Nigeria: Reviving the Economy Through Digital Innovation

Despite a young population and a strong pool of innovation, Nigeria saw its foreign direct investment (FDI) plummet to $29.83 million in Q2 2024, a 65% year-on-year drop. However, hope is emerging from the tech sector.

Companies like Itana, the first to receive a digital special economic zone license, are helping foreign businesses set up remotely with simplified procedures: remote registration, access to local markets and labor, and streamlined taxation. According to co-founder Luqman Edu, these tools are key to scaling business activities across the continent from a distance.

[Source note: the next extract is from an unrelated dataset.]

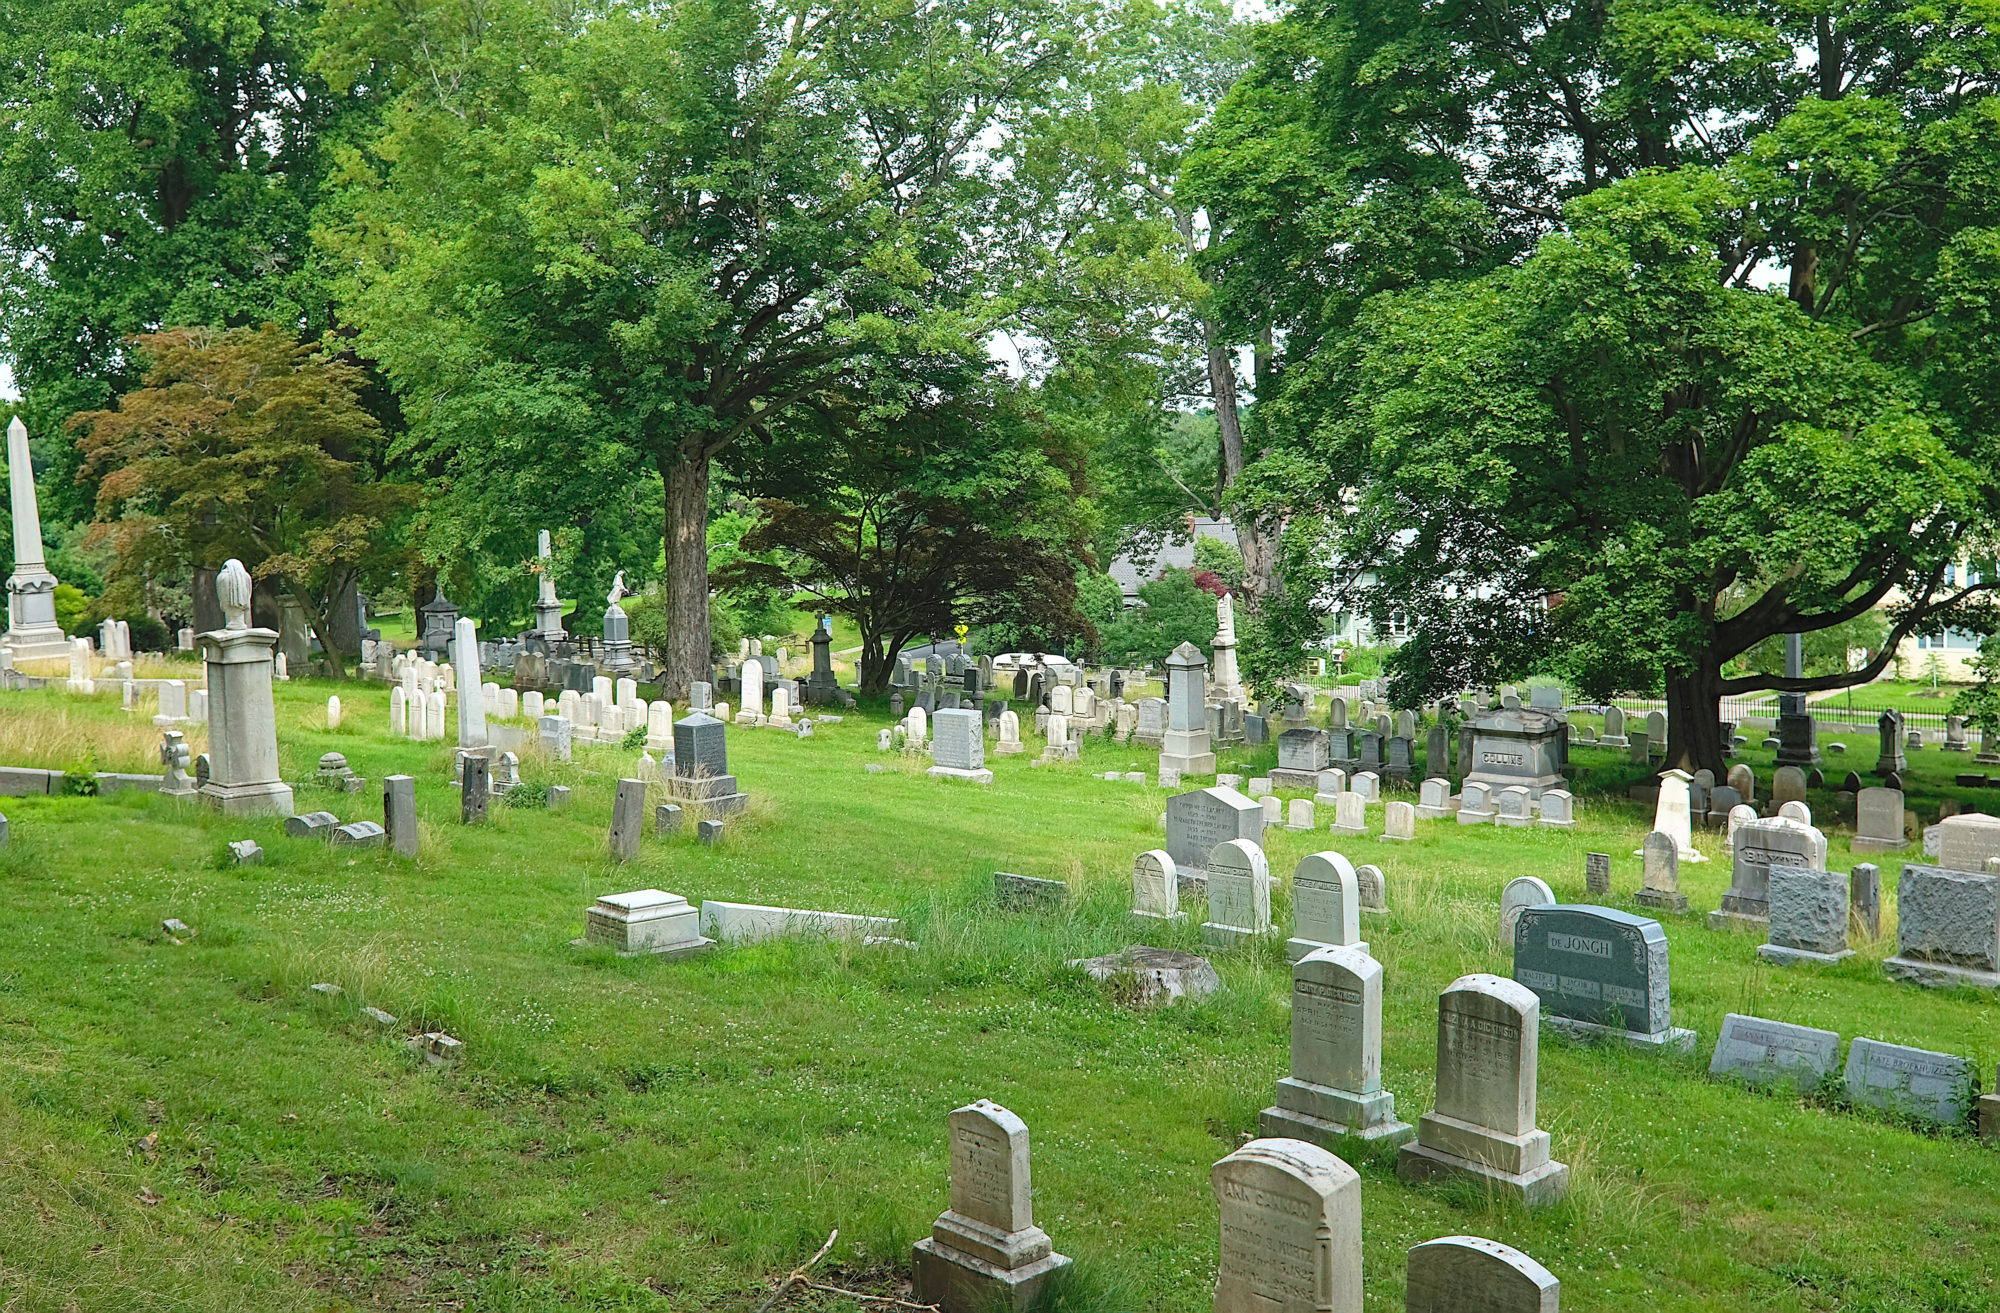 Headstones at Mount Hope Cemetery
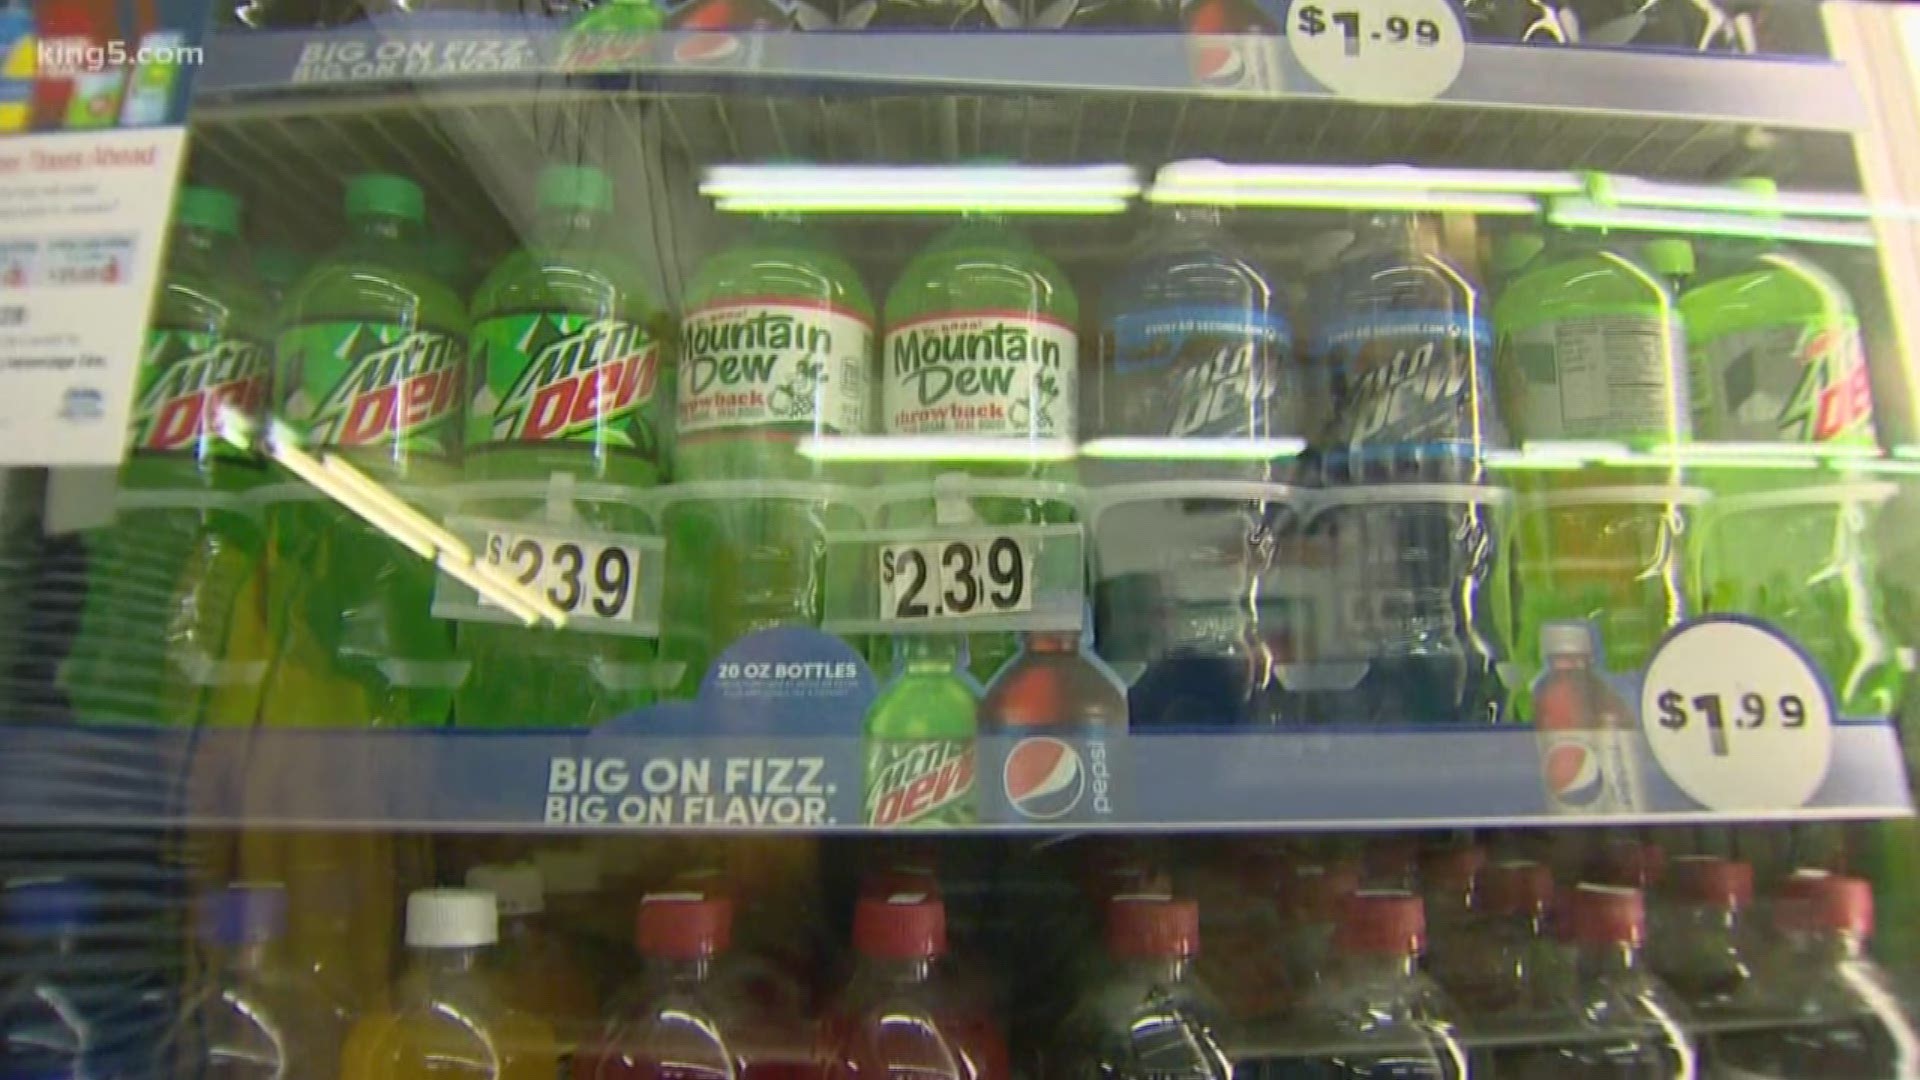 After millions in soda tax revenue ended up in a general fund, Seattle lawmakers wanted to create a special fund to keep it from happening again. Mayor Durkan plans to veto the bill, but the council has another chance to override her veto. KING 5's Kalie Greenberg reports.

Experts also highlight Nigeria’s strategic value as a gateway to the African market. The increasing digitalization of services, including ports, is improving efficiency and productivity, offering a competitive edge. The rise of five Nigerian unicorns fuels this momentum, despite ongoing economic headwinds.

Kenya: Denim Industry at Risk Without AGOA Deal

Every year, 8 million jeans are produced in Nairobi for brands like Levi’s and Wrangler. This is a vital industry employing 66,000 people, most of them women, but it may collapse by September.

The reason: the potential expiration of the AGOA trade agreement, which allows Kenyan goods to enter the U.S. duty-free. Without this advantage, many companies in free zones, such as United Aryan, may not survive, warns its chairman Pankaj Bedi. The collapse of Ethiopia’s textile industry after losing AGOA in 2022 serves as a stark warning.

Economists urge Kenya to act proactively by negotiating a bilateral deal with the U.S.** or diversifying markets, especially within Africa through AfCFTA. James Shikwati stresses that Kenya must offer strategic value beyond textiles, especially as the upcoming negotiations promise to be difficult.